The offer to creditors would have paid them 100 cents on the dollar. They would have been paid everything Mulco owed them, plus interest — but they would have had to wait two years for repayment.
Instead, because the offer was refused by a majority of the creditors carrying most of the debt, Mulco was put into immediate bankruptcy. Trustees moved in after Sept. 7 to seize the company’s assets.
“To the principal of the company it was a huge disappointment,” said licensed trustee Darren Crocker, in a telephone interview from Edmonton.
Mulco was owned by Randy Mulder, a former resident and mayor of Kugluktuk, who moved to Alberta about 10 years ago.
Crocker said that the refusal of the offer to repay all the creditors in full was the first similar offer that he’s seen turned down in 17 years of work as a trustee.
Mulder said he would make no comment to Nunatsiaq News on the collapse of Mulco.
But his former business partner, Kerry Horn, also a creditor, said he voted against the offer based on “business reasons.”
“I thought it was misleading people. You would be dealing with people and putting them in the same place we’re already in,” Horn said from Kugluktuk. “It wasn’t going to work.”
Mulco owed Horn $450,000. He had received some cash at the time of his sell-out to Mulder, but carried an additional amount as a mortgage.
“I certainly would have liked to have the money, but I never did have it, whereas the other people who lost money, lost it right out of their pockets.”
Horn said local companies stopped dealing with Mulco when it sunk into financial difficulty.
Mulco’s creditors included Kikiak Construction, Lyall Construction, the Government of Nunavut, Qulliq Energy, NTCL, Atoyuk Service, Boothia Service, Igloo Building Service and KRT Electrical.
Horn said he was disappointed by the downward turn of Mulco after he sold his share of the business. He blames this on the lack of construction work in Kugluktuk and Mulder’s residence in Alberta.
“When I was involved, it worked because I live here,” he said. “It just doesn’t work, running and managing a business and not living here.”
Mulco was caught in a squeeze, had no cash flow, and “it snowballed,” said Horn, who feels it would have been better for the community to have Mulco still functioning.
Horn said Mulco was a “viable business” when he and Mulder started working together in 1984.
Mulco did build the arena for the Hamlet of Kugluktuk after Horn’s departure, but in an acrimonious dispute over faults in the construction, Mulco had to make a settlement with the hamlet.
Mulco also lost money over a stone-crushing contract and sued the GN. In spite of a settlement in Mulco’s favour, the work was still a money-losing venture for Mulco.
Three years ago, Manitok Thompson, then the GN’s minister of Community Government and Transportation, gave Mulco a contract for providing the gravel that would be used for the Taloyoak airport project.
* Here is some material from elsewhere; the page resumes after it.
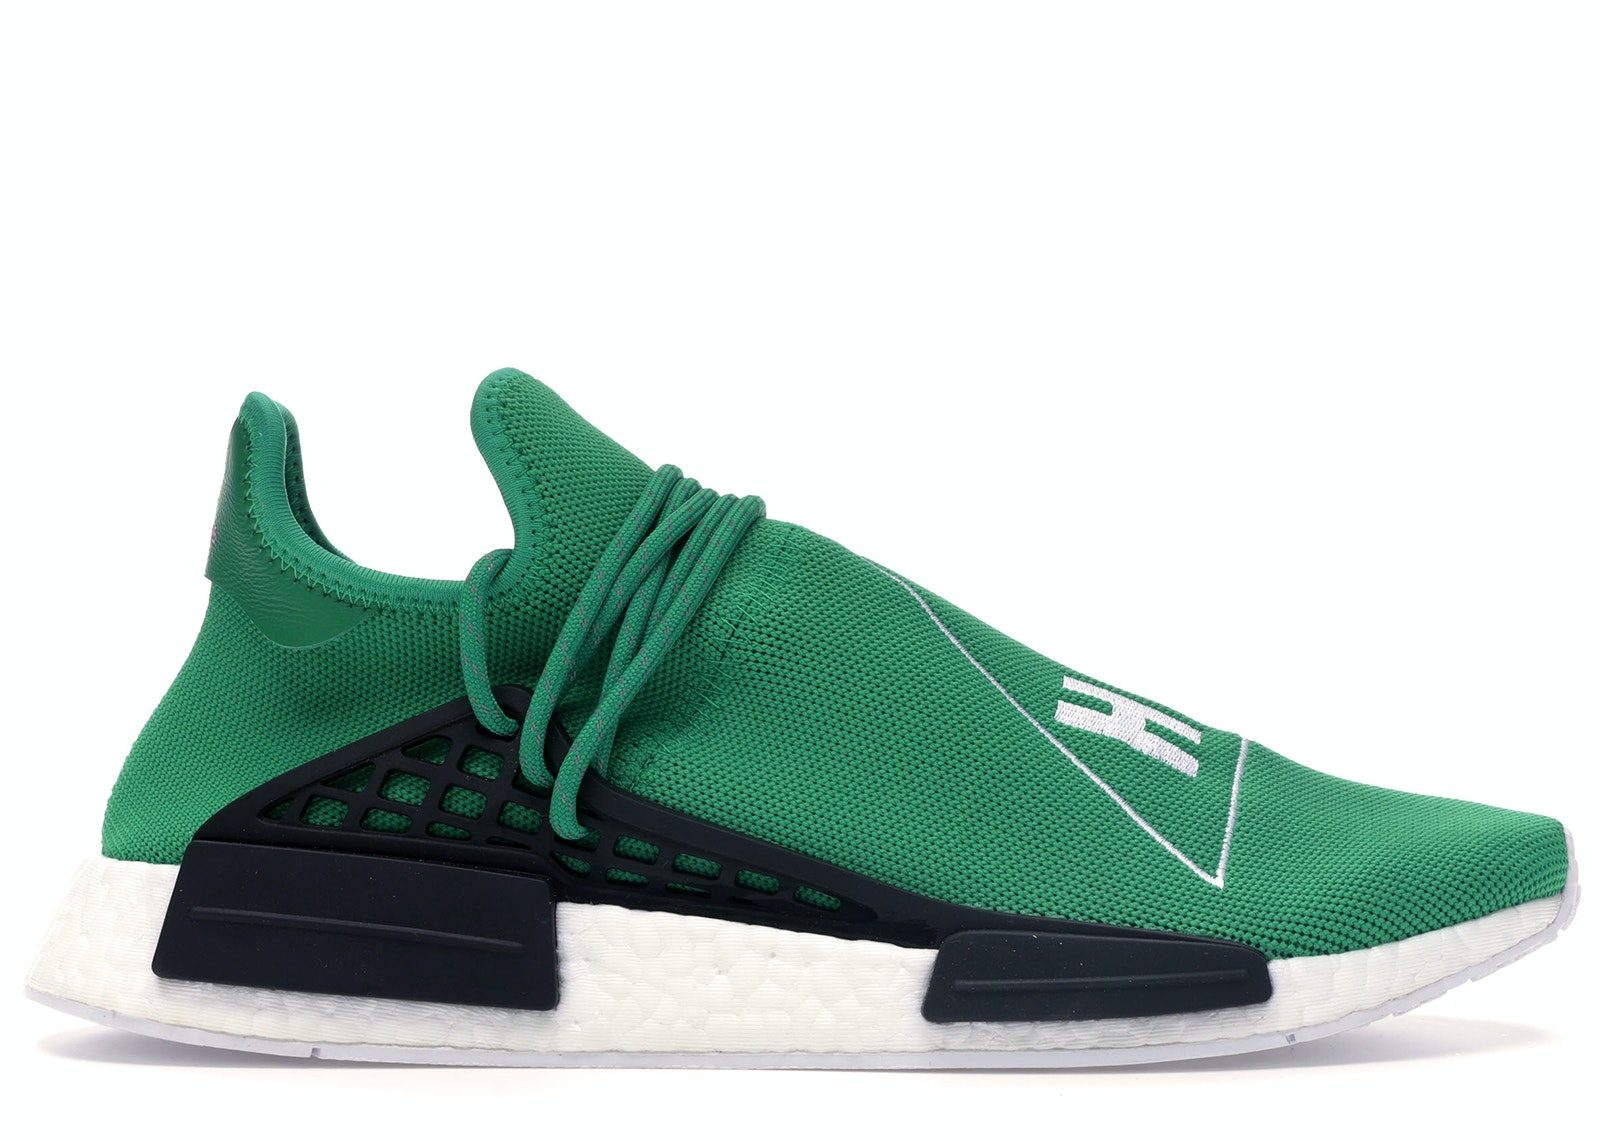 adidas NMD R1 Pharrell HU Green

The contract was valued at $843,950.
But the raw material Mulco needed for the project wasn’t there, Horn said; there wasn’t anything to crush. Although Mulco sued the GN and settled for an estimated $300,000, the project was in the hole and last March, Mulco declared bankruptcy.
Horn blames the GN for the collapse of Kugluktuk’s economy.
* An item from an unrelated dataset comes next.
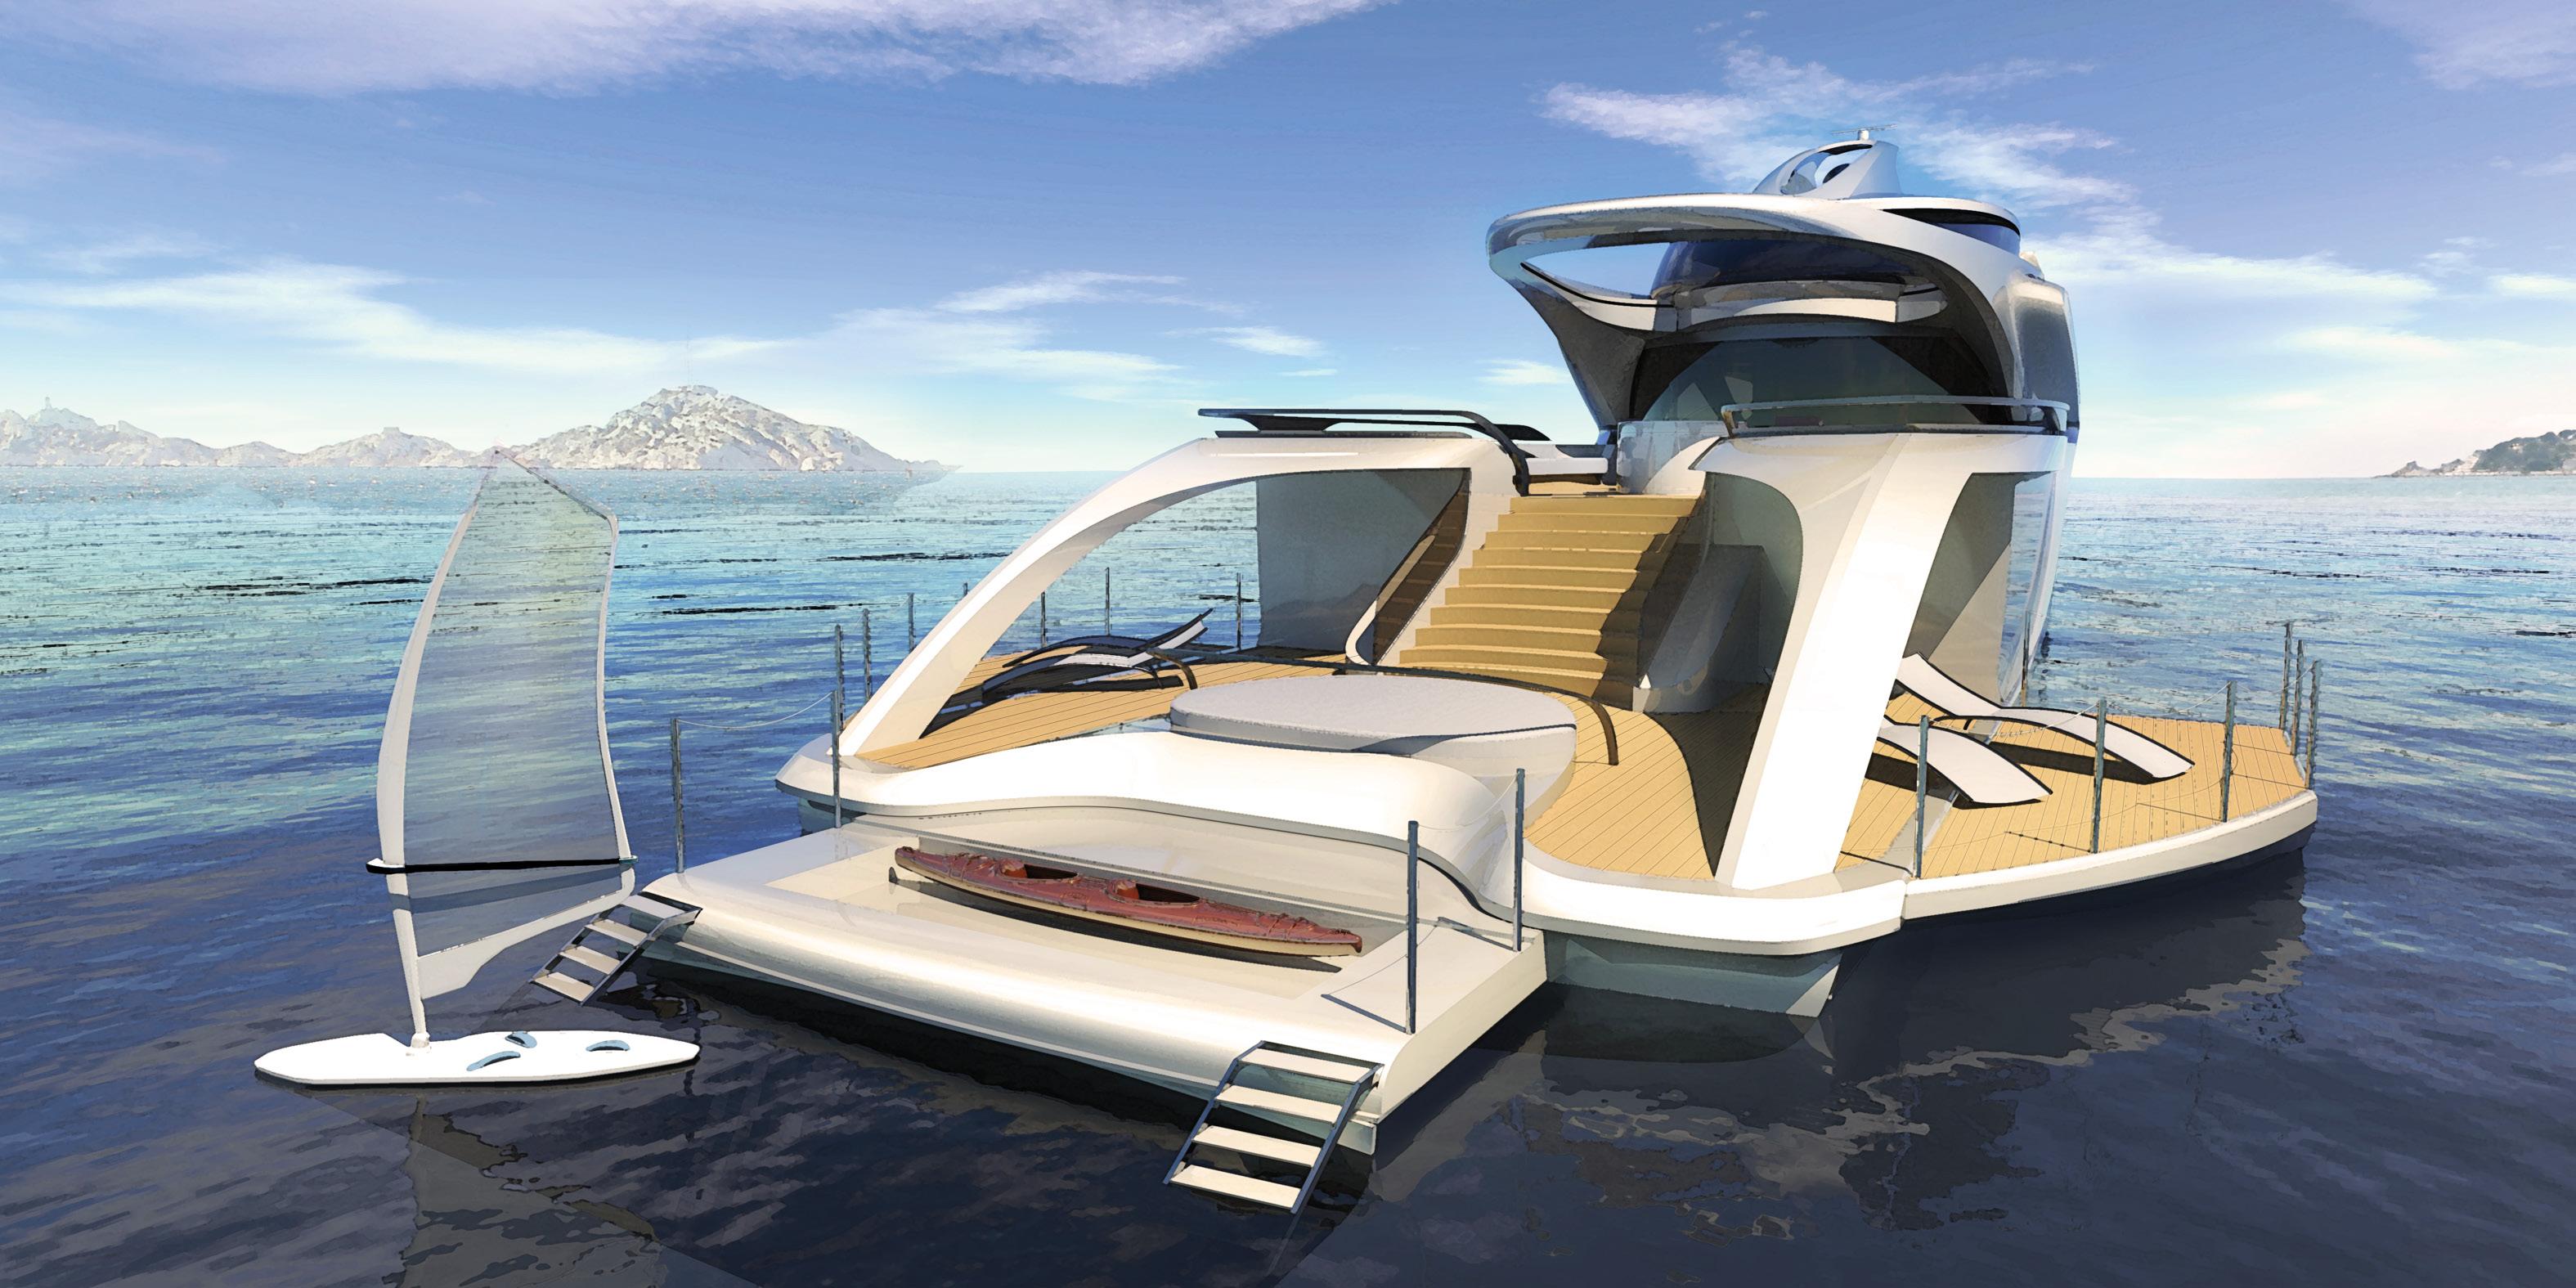 Luxury Superyacht concept CERCIO designed by Baoqi Xiao

‘They simply quit doing anything here the day Nunavut was created,” he said.
The hotel Horn owns is doing well, he said, because “more and more people are traveling to try and make things work.”
Nunavut will building 37 social housing units in Kugluktuk over the next three years and a $6 million sewage lagoon. Mulco lost those contracts, but still would have received some subcontracted work had it survived.
However, some businesses in Kugluktuk, such as Kikiak and JMS Supplies, may still be able to benefit from these two major projects.